*TASK OBJECTIVE*: Every line of the data below should be repeated exactly, and no picture should be copied.

*DATA SEGMENT*:
[Start of section]
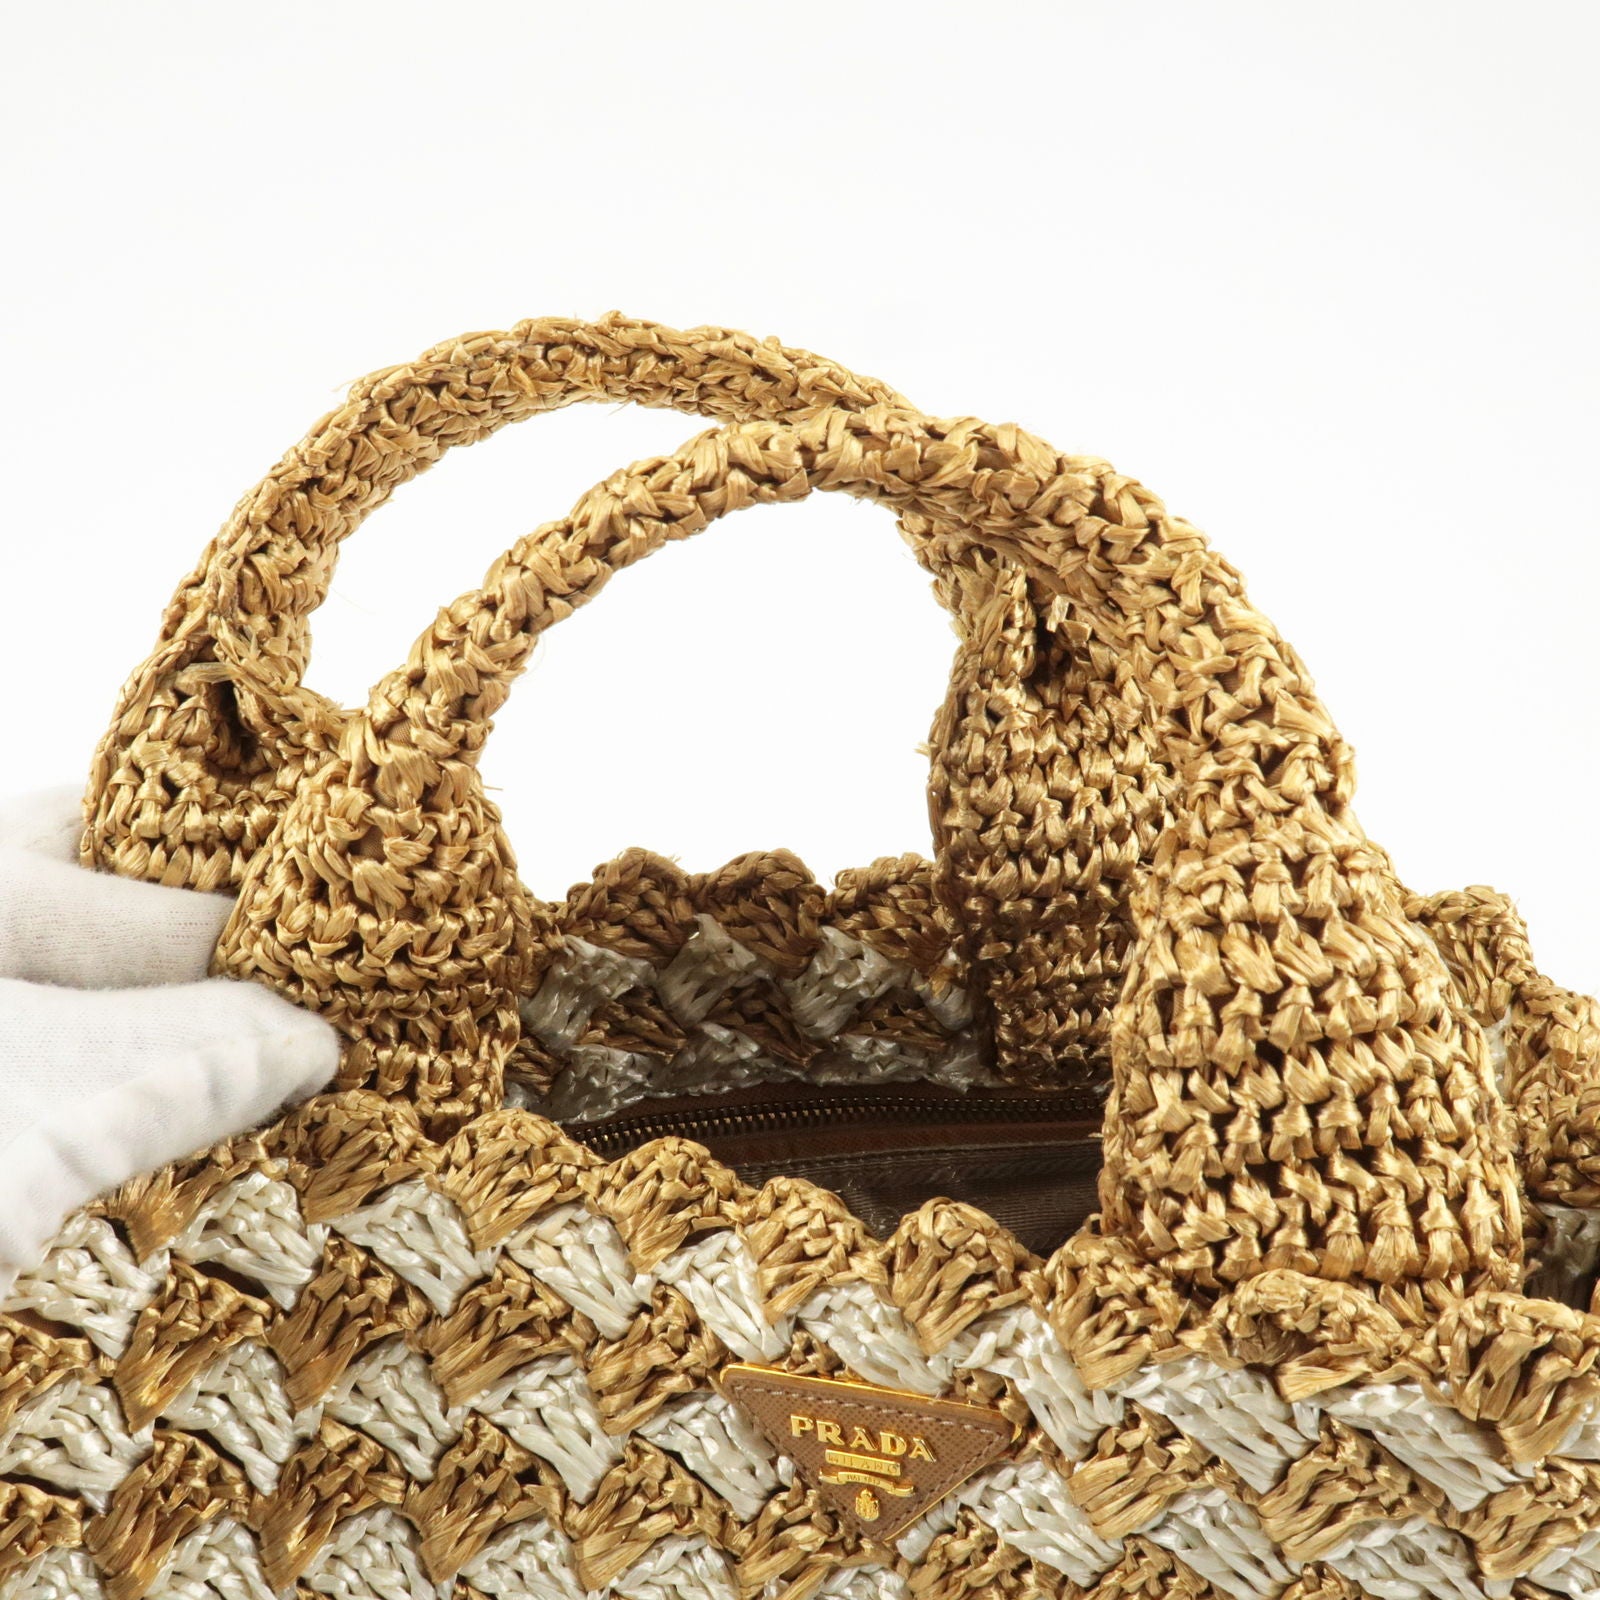 Prada Crochet Bag in Metallic
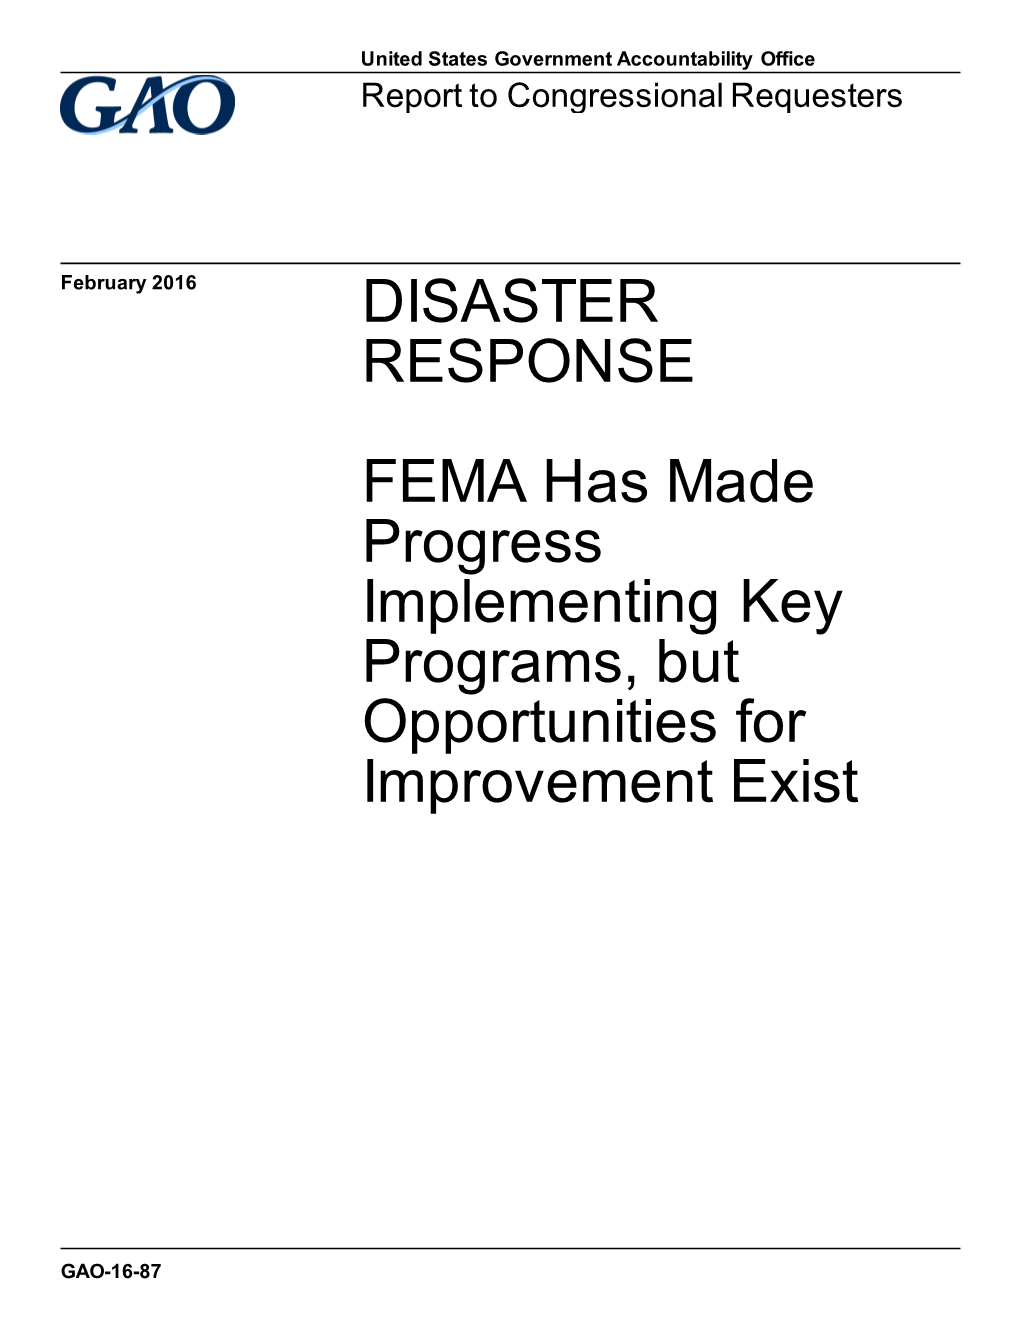 GAO-16-87, DISASTER RESPONSE: FEMA Has Made Progress
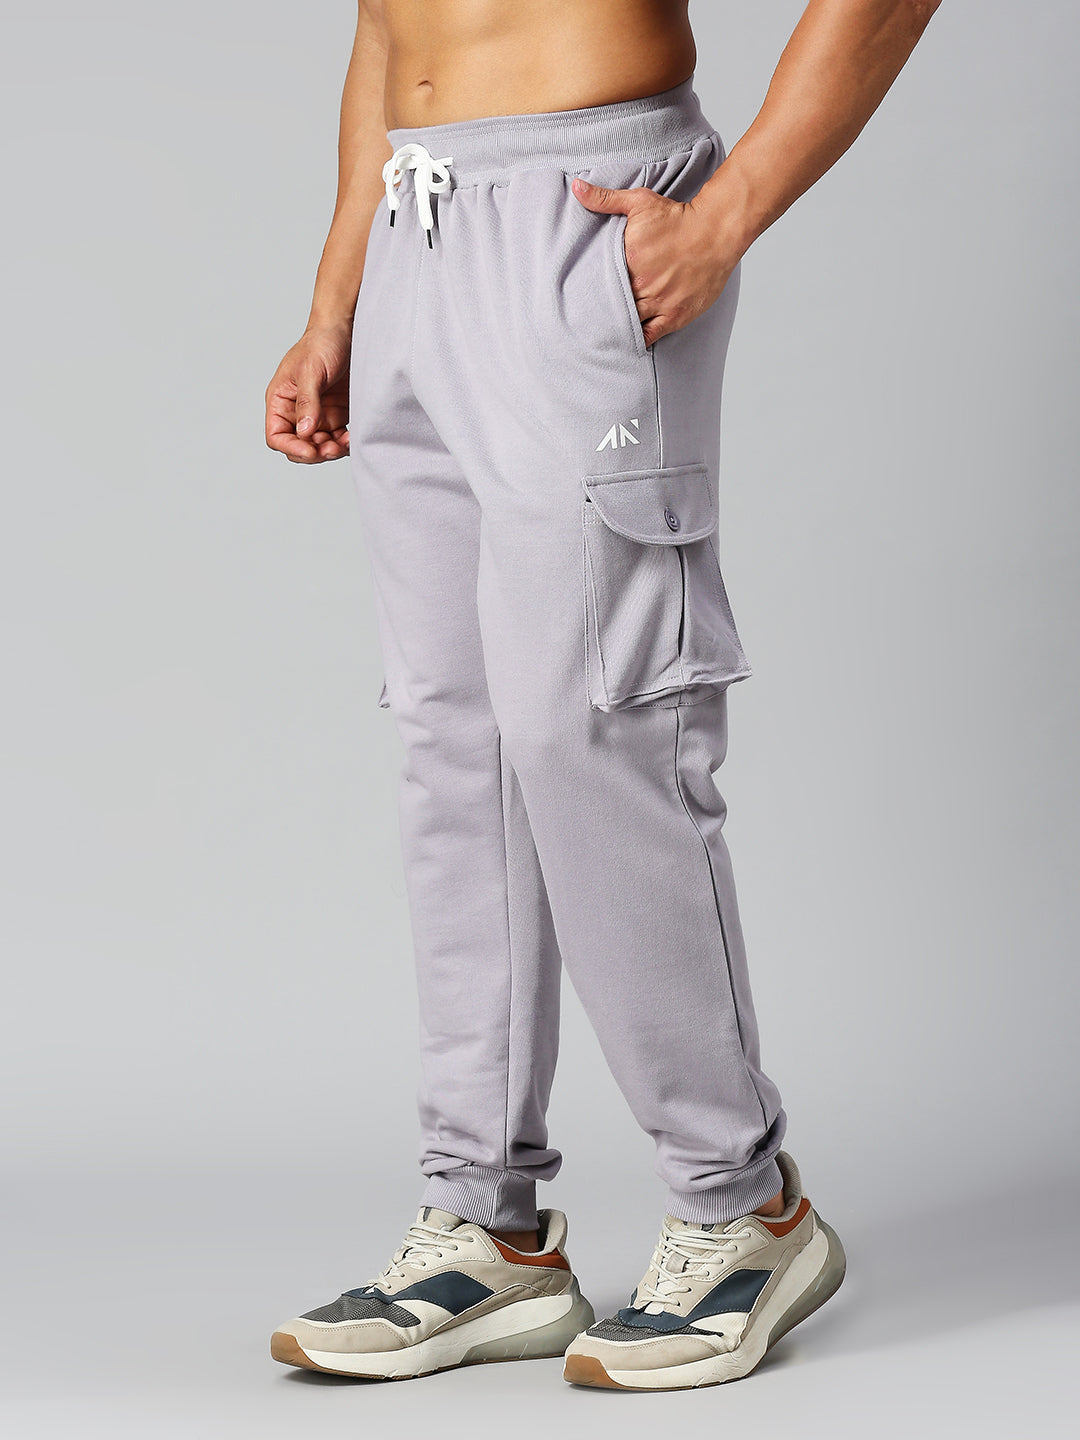 Men Winter Warm Pants Fleece Lined Water Resistant Sweatpants Athletic  Workout | eBay
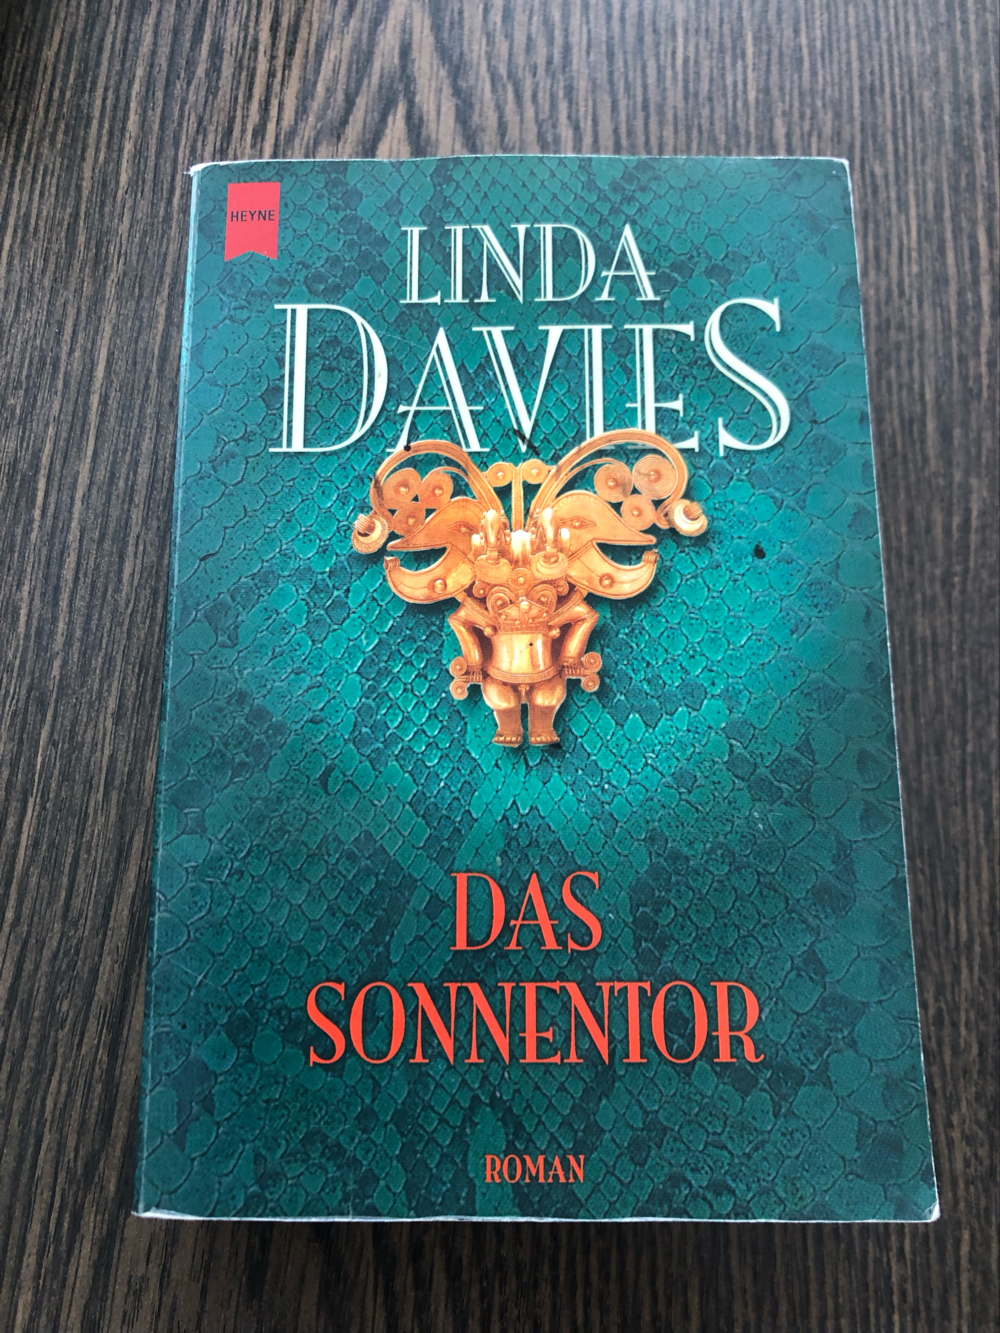 Das Sonnentor, Linda Davies
[End of section]
*EXERCISE RESULT*:
 Prada Crochet Bag in Metallic
 GAO-16-87, DISASTER RESPONSE: FEMA Has Made Progress
 Men Winter Warm Pants Fleece Lined Water Resistant Sweatpants Athletic  Workout | eBay
 Das Sonnentor, Linda Davies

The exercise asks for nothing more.